Ah, but it is the trilogy that kicks off the post-Endor story and therefore people are stopped from reading it by the style decision. Who says it’ll be the only one? Who is to say you will not be able to access the new SW line by a different route that is more to your liking? One of the big weaknesses of Legends, post-Endor – certainly not for stuff post-ANH / pre-ESB! – was the perception that once a point in time had a story set in it, no others could be done. I’m not convinced this is will be the same with the new material but time will tell.
For responding to things like the Aftermath excerpt, a good rule is: less is more. You’re not won over? Okay. The style is not to your liking? Okay. But stop there and don’t think you need something more to justify your outlook because you don’t. You spent time reading the excerpt? Well, you don’t get that back so that temporal expenditure says you’ve the right to your opinion that no, it doesn’t work for you. Slating an entire generation? That can only detract and reflect badly on those who invoke it.

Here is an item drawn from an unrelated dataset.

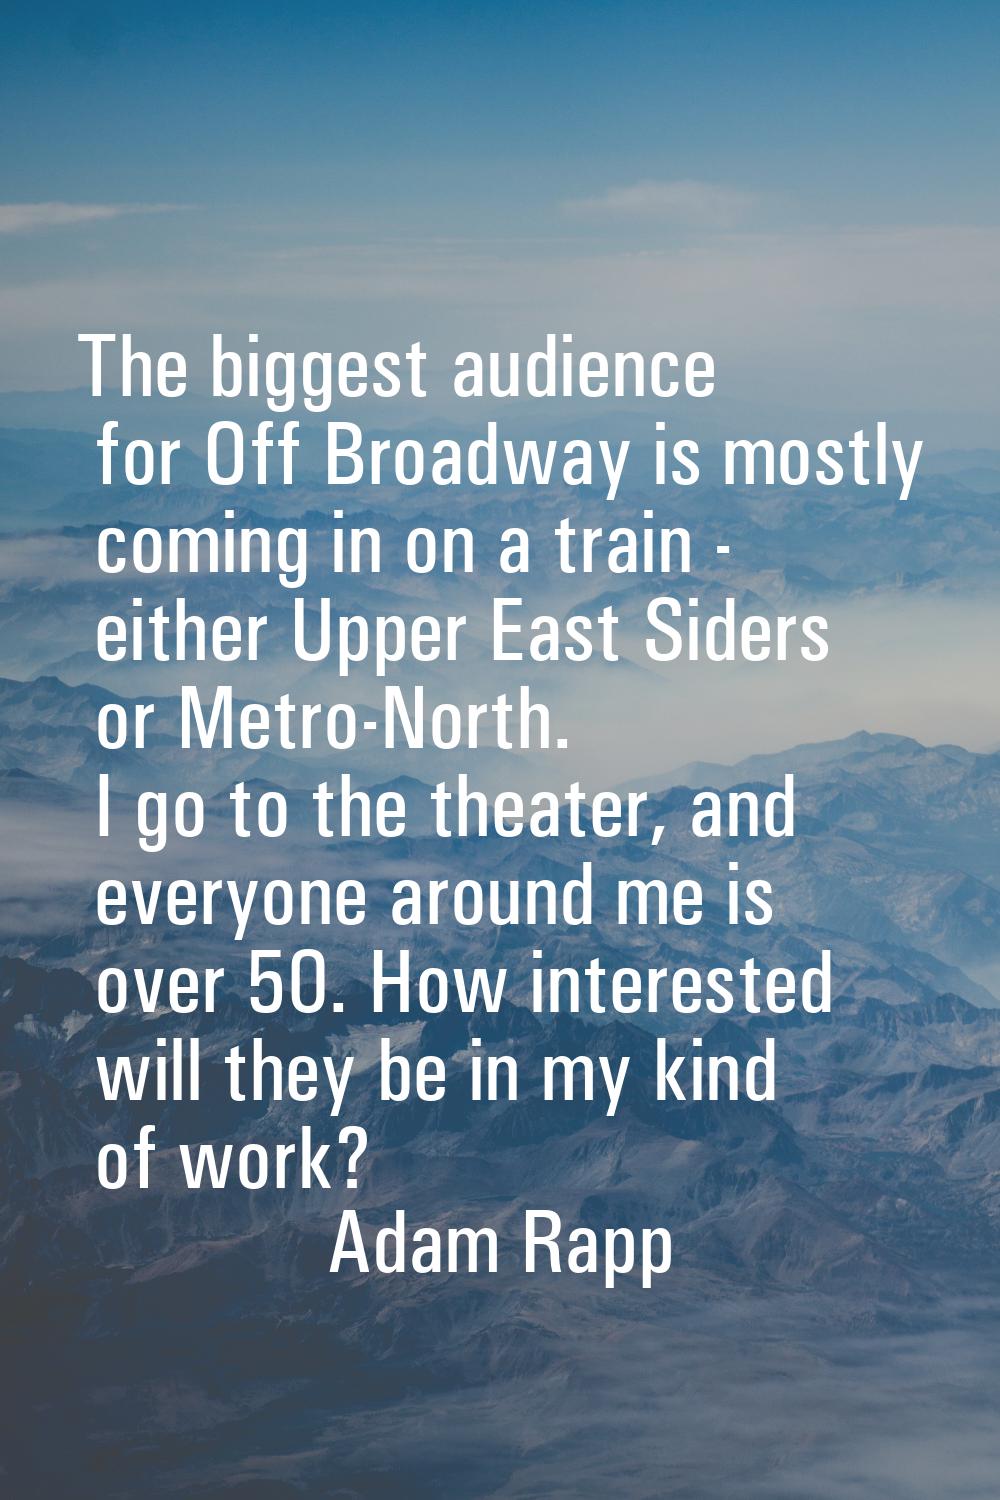 The biggest audience for Off Broadway is mostly coming in on a train - either Upper East Siders or

5 thoughts to “On the Aftermath of the Aftermath Excerpt”
I’ve got nothing to add but to give you a round of applause.
Now. The applause echoes in my house as well. It thunders. But you know what’s coming, right? The troll police, ready to open fire.
I read the excerpt. I’m not a fan of present tense writing, but I agree that’s a taste thing.
From a literary perspective though, the writing style (sentence length, word choice etc) is more of an issue. Yes, shorter, simple sentences are a great avenue to convey action sequences and confusion. And in this excerpt they’re appropriate (if a little jarring for their ubiquity).
The problem will arise if the whole book is written like this. It is harder to convey concepts of any appropriate depth in shorter sentences, and usually sentence length and vocabulary are used to assess the writing level of a piece of work. Fiction or non-fiction.
If the book has various styles and this is only used for the appropriate places? Then I fully agree with you. But if this is the writing style for the entire thing? I worry greatly about the quality of the work outside of action sequences.
Well, we’ll know in about 2 months, won’t we?
But regardless, I’d see that as an entirely separate strand of discussion without any need for casting generational vitriol around.
Though, that’s the other thing here, it isn’t the young ‘uns, with their supposedly short attention, rushing to judgement, but the old ‘uns, who are supposedly more sober and rational about this sort of thing.
That’s the thing. Judging anything by an excerpt is premature. This wasn’t a particularly good one, but I’m sure if you found the worst 5 pages of Heir to the Empire we’d probably cringe just as badly.
It is ironic that it is the old ones that are jumping to conclusions given their bashing of the ‘young ones’. Though many of the complaints about the NEU are somewhat ironic I find.
The concept of the book sounds good, (and even in the classic EU, there was a derth of stuff between X-wing comics and Mindor).
It could be an excellent book. But that will depend on how the rest of it is written.
Some concern and wariness I understand, but its too early for bashing.